I stopped in the stairwell, frozen behind the glass door, watching through the small window like a voyeur at my own haunting.

She had brought him food, casually talking as she held an expensive-looking restaurant bag. She was effortlessly beautiful, her dark hair falling in waves around her shoulders, her smile easy and warm.

Cassian was smiling back at her. Not the nervous, uncertain expression he wore around me. But an easy, comfortable one.

She said something that made him laugh, touching his arm with familiarity. Then, he leaned down to kiss her forehead.

She was not a colleague. And obviously. not a friend.

She was more.

They looked good together. Uncomplicated. Two people who fit without friction, without history, without all the unspoken things I carried every time I stood in the same room as him.

The woman was wearing scrubs under her jacket, so she was medical. A doctor, probably, based on the way she carried herself. But I'd never seen her at Obsidian before, not in the hallways or the OR or any of the department meetings I'd attended. She must work somewhere else.

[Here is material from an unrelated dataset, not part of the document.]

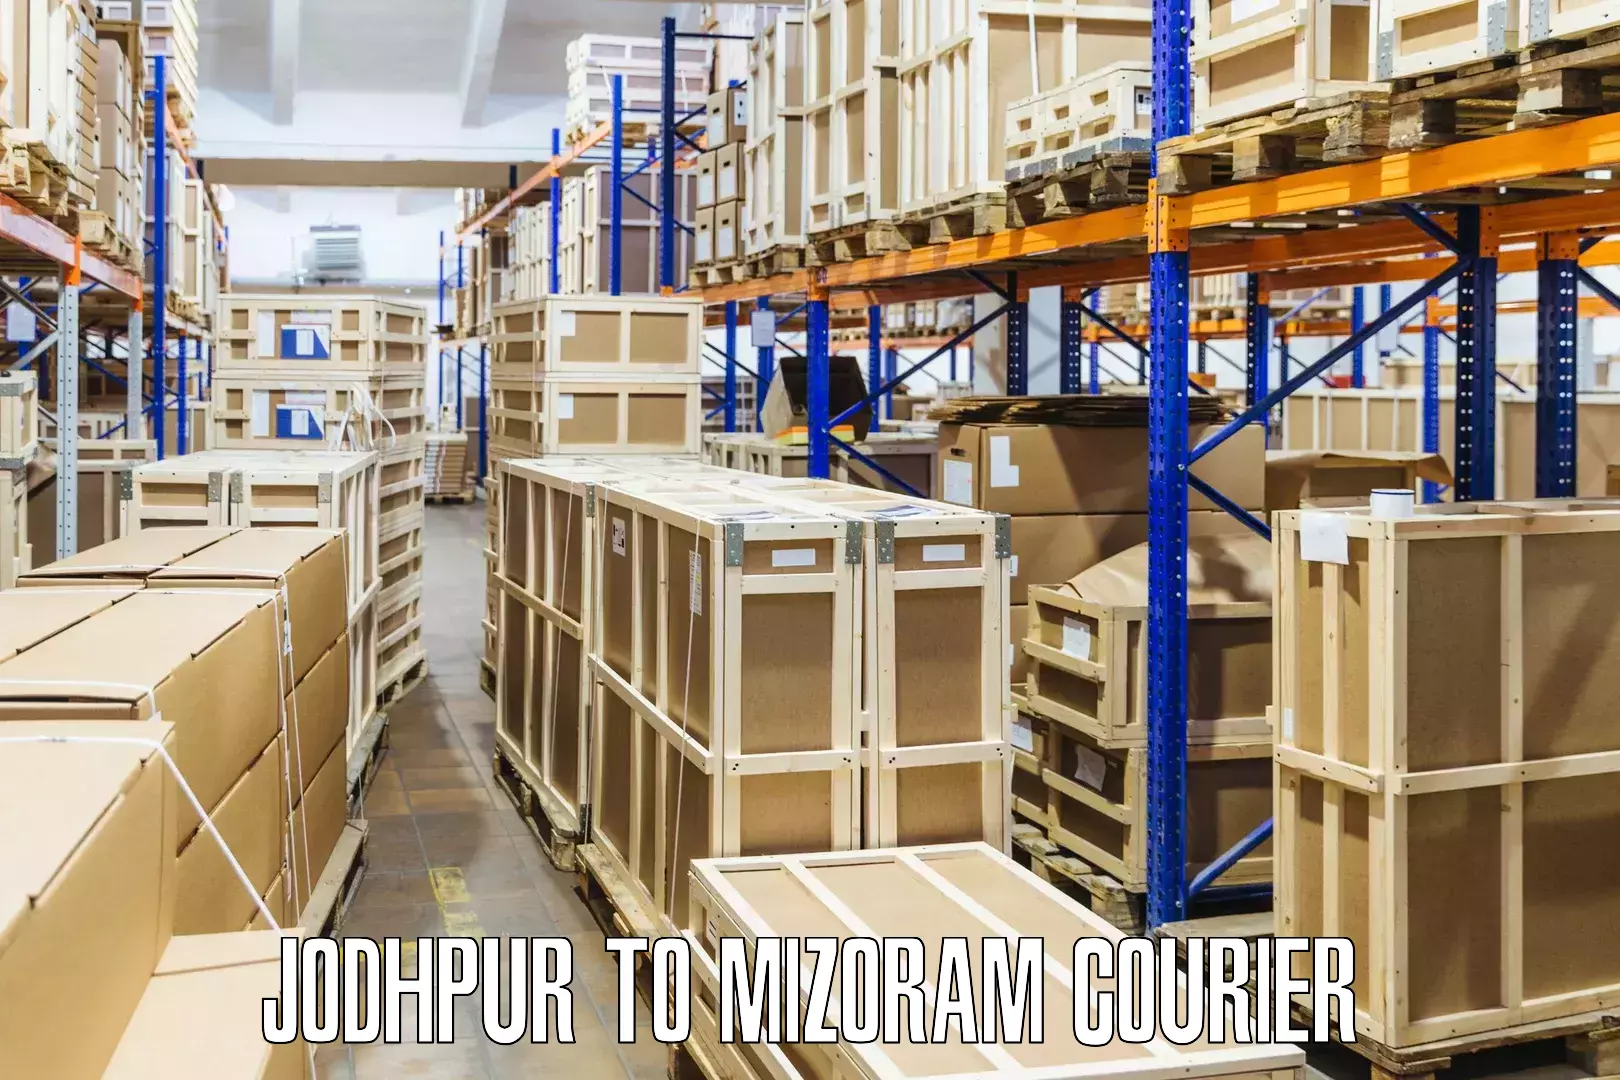 Courier service efficiency Jodhpur to Serchhip

He was making it work with someone whose schedule didn't overlap with his.

I thought about our marriage—the missed dinners, forgotten anniversaries, promises I'd made and broken so many times. We'd worked in the same hospital, lived in the same apartment, and I couldn't remember the last time I'd brought him lunch.

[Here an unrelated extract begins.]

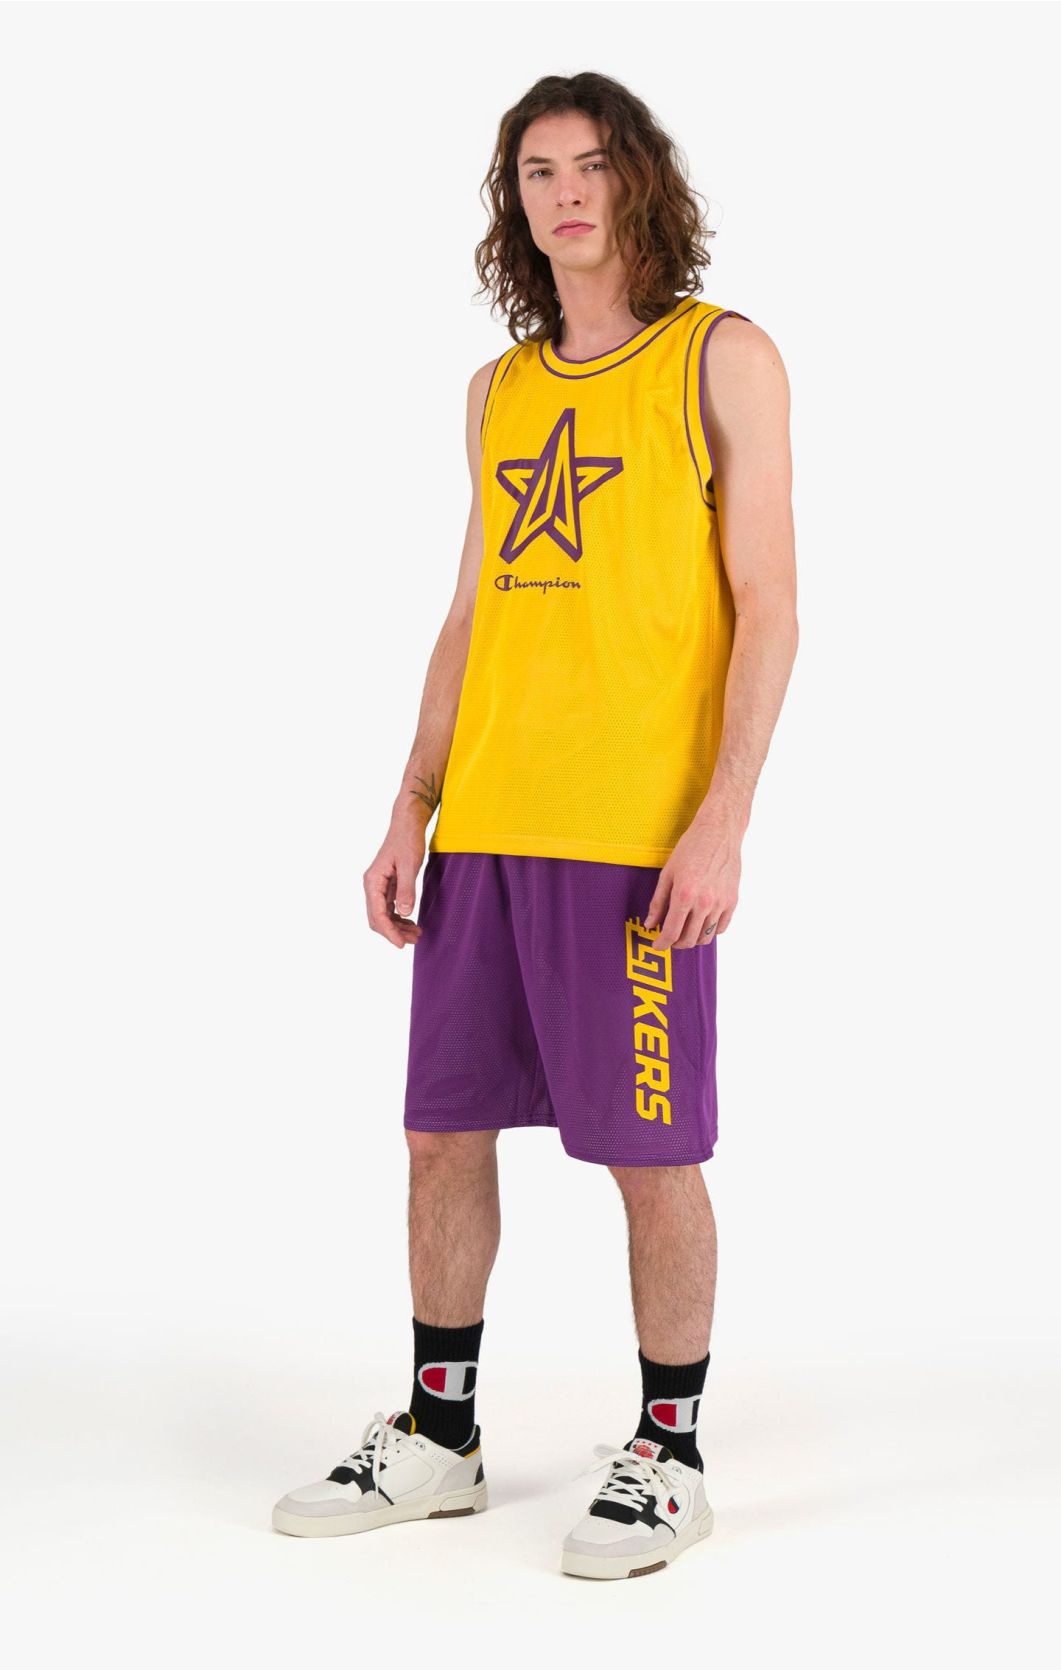 lakers basketball jersey and shorts

But here was Cassian, with someone who didn't even work in the same building, and she was showing up for him. She was making time and effort.

She was doing something I never did.

But had I been so easy to give up on?

I turned and walked back through the side exit, not trusting myself to pass by them.

That night, I lay in bed and stared at the ceiling while Felice's light snoring drifted through the thin wall between our rooms. The apartment was dark and quiet, and I couldn't stop seeing Cassian's face when he'd kissed her forehead. The ease of it. The tenderness.

He used to look at me like that. Before. When we were married and in love.

Maybe that was my answer. I'd broken something in him that she had managed to fix. I was the problem, the constant in every equation that failed to balance.

My phone vibrated on the nightstand. I reached for it without thinking. It was Cassian.

Cassian

Meeting moved to Tuesday. Patel's request.

I stared at the message for a long time. The words blurred and sharpened as I blinked against the darkness.

Calla

Okay.

Three dots appeared on the screen. Then disappeared. Then appeared again.

Cassian

See you then.

I set my phone down and closed my eyes, but sleep didn't come for hours.

When it finally did, I dreamed of a distant memory—a wedding in a botanical garden and a man with green eyes promising me forever.